Even though released in the summer, “Hiraeth” feels like the perfect winter morning full-album listening – like the portuguese “saudade”, the welsh title conveys to the feeling of “longing”, “yearning” and “homesickness” – the world wanting to go home.
Birch and Nowacka’s former collaboration happened in the Ephemeral Festival, an experimental music festival in Warsaw, Poland, and later in Kraków, at the Unsound festival, in a performance that would make way to what would be their first album as a duo, “Languoria”. But while “Languoria” feels beyond space confinements, something that could be here and there at the same time, “Hiraeth” happens in a place of belonging, a place that I long for and belong to.
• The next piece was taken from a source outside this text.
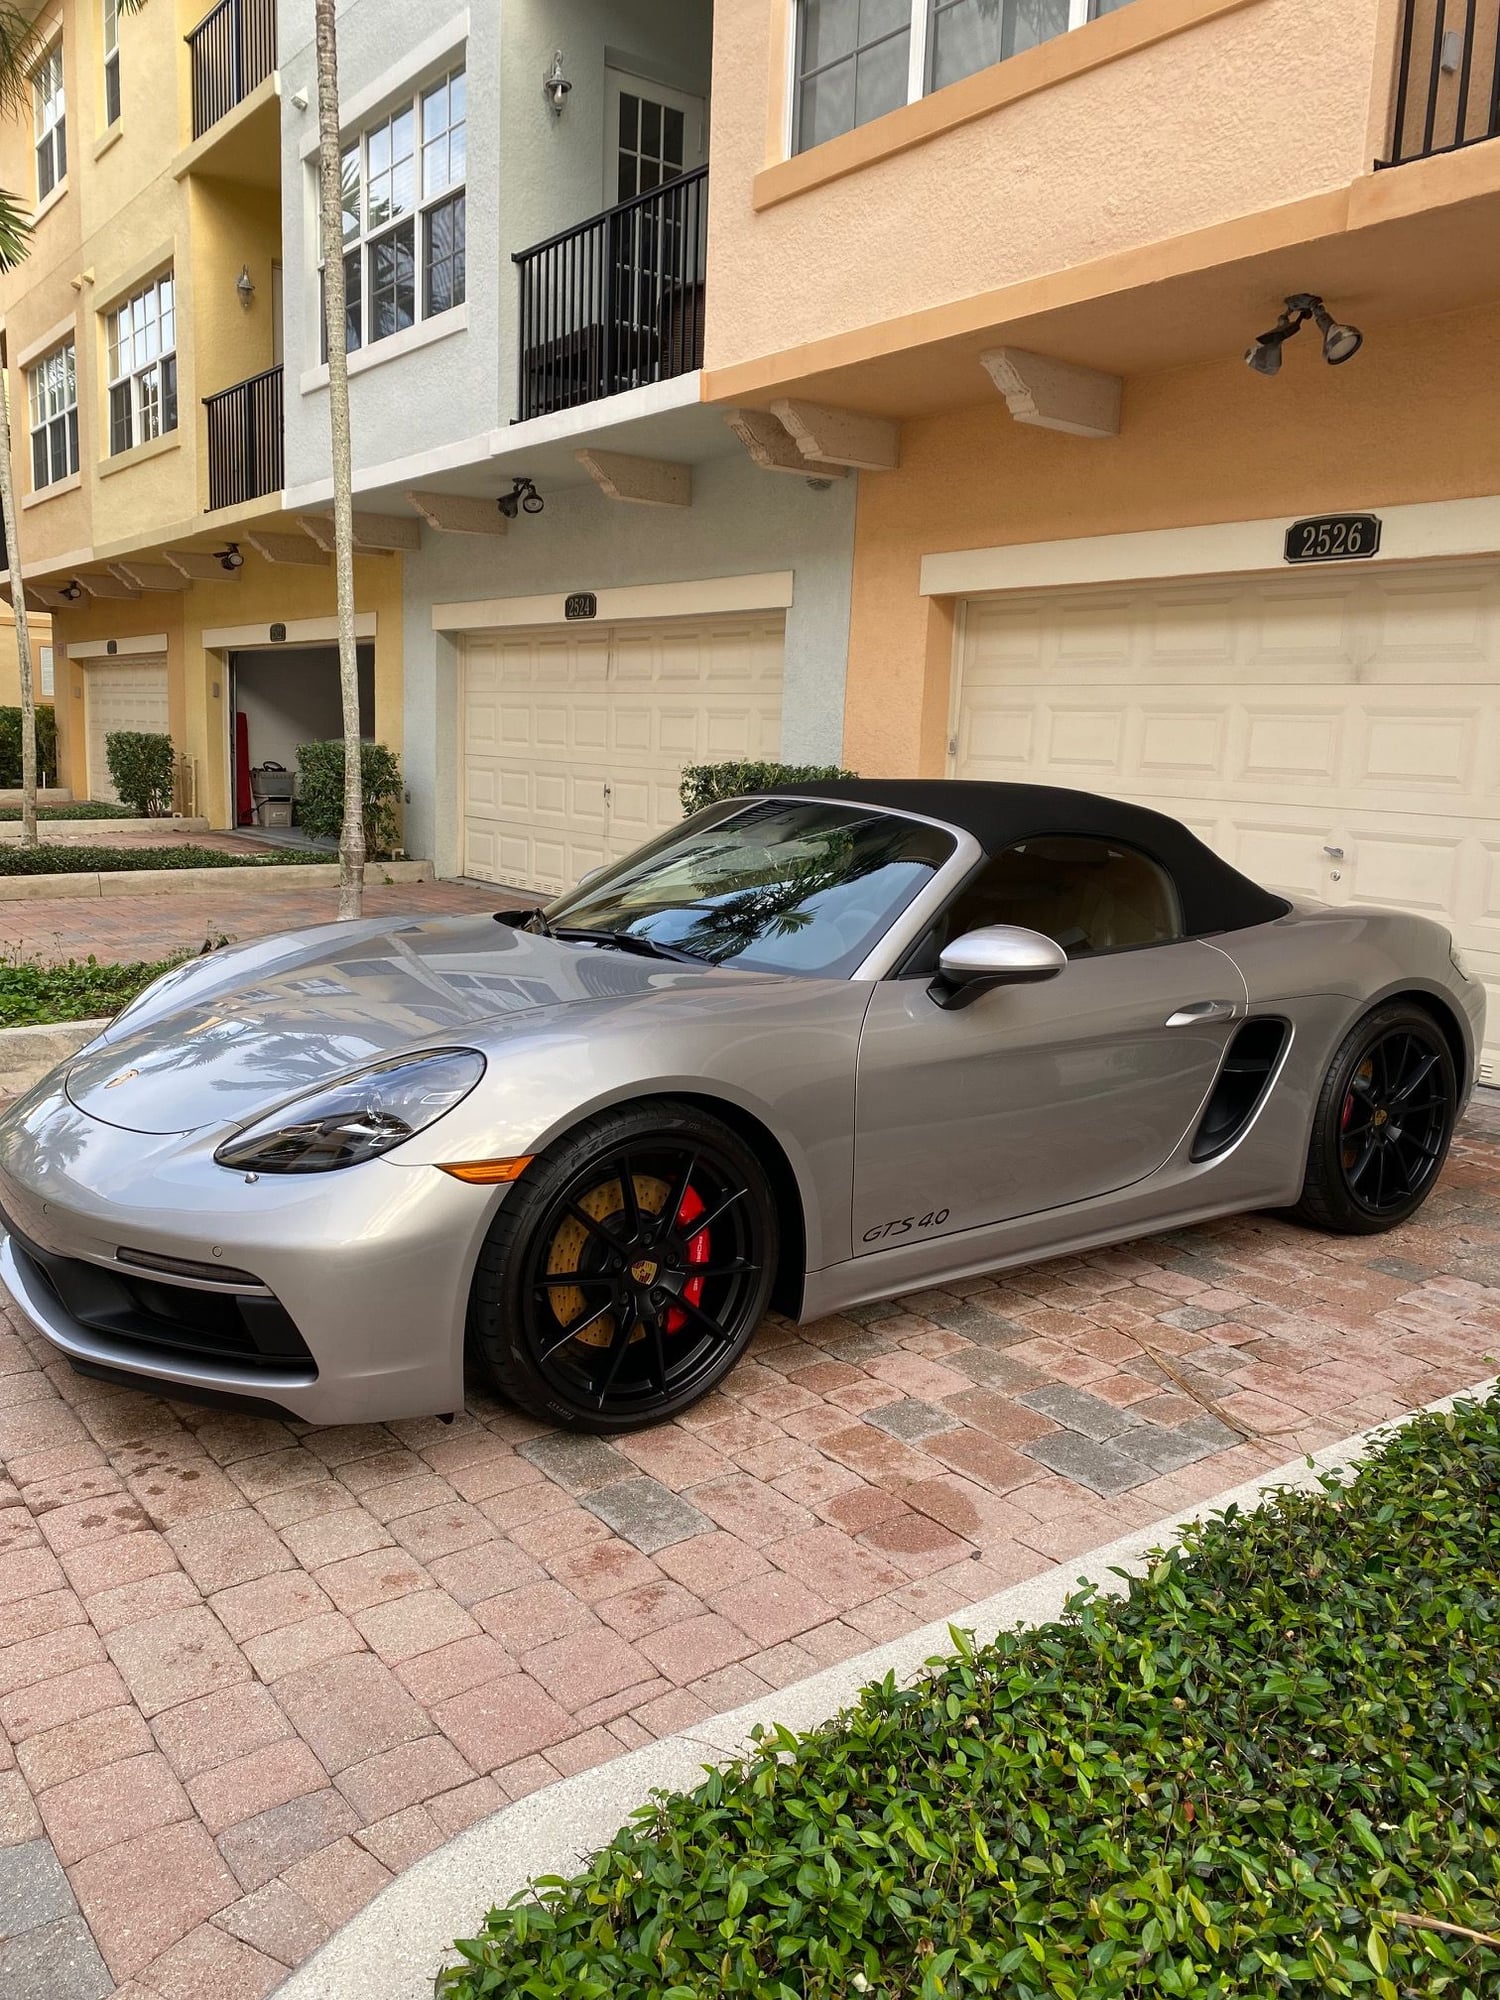 2021 Porsche 718 Boxster - 2021 Boxster GTS 4.0 GT Silver - Used - VIN WP0CD2A82MS232577 - 3,950 Miles - 6 cyl - 2WD - Automatic - Convertible - Silver - Palm Beach Gardens, FL 33410, United States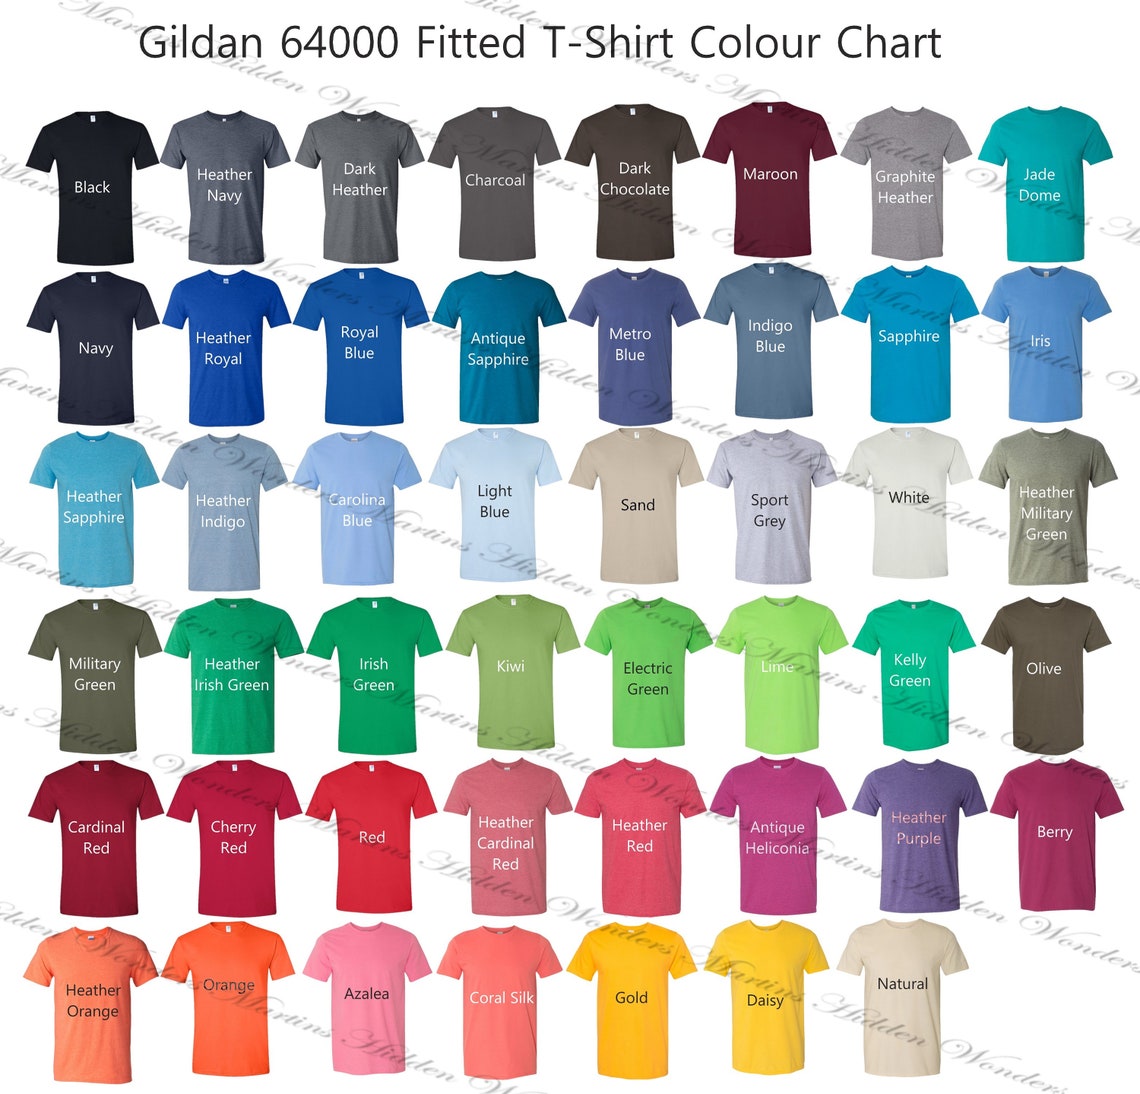 Gildan 64000 Fitted Men's T-shirt Adult Color Chart/size - Etsy

In a desire to flee from screens and modernity’s demands, the two meet in Sokołowsko, a southern polish village home to a sanatorium said to have been inspiration to The Magic Mountain by Thomas Mann, and began weaving voices, zithers, guitars with birds, water and trees, recording directly from the fields on a Nagra Tape Machine.
This is a space of kinship and communion beyond the realm of everyday concrete life – a sacred interconnectedness that perdures despite all distractions, a treasure out there, right here, not even hidden. “Hiraeth” is vulnerable yet extremely present and devoted.
We enter in a “Rabbit’s Hole”, inducing a travel into this othered dimension – the rewinded strings take us through into delicate plucked guitars and zithers. We could speak of imagined landscapes or a valley of dreams, but it feels rather like a return to a deeper reality, the “Heart of a Waterfall”. A stillness in movement and natural change, slowly being with the surrounding spirits of the sun, the water, the ground.
In “Nøkken” (Danish word for “key”), voices are breezes swirling with the light, ascending, descending, enchanting yet reassuring, like sirens of the valleys. This is a music that flows with an adoration of the simple things than carry profound meanings – sitting on a rock, gazing at the horizon, singing with a friend, listening to the wind – it’s a full cycle from sunrise to sunset. “Collecting eyes”, the longest track in the album, offers a meditative space with field-recordings and bell-like ethereal notes from a vibraphone, a hypnotic alternating pair of strings layered with chanting breaths. With “Departura” we’re left with the distinguishable tone of electronics, tying all of the elements together and giving it a proper farewell.
Going out, breathing in – outdoors music making feels necessary and “Hiraeth” is a vessel to this space between time, where one is indeed one with what surrounds and time becomes vibration and sound. Truly healing for the soul.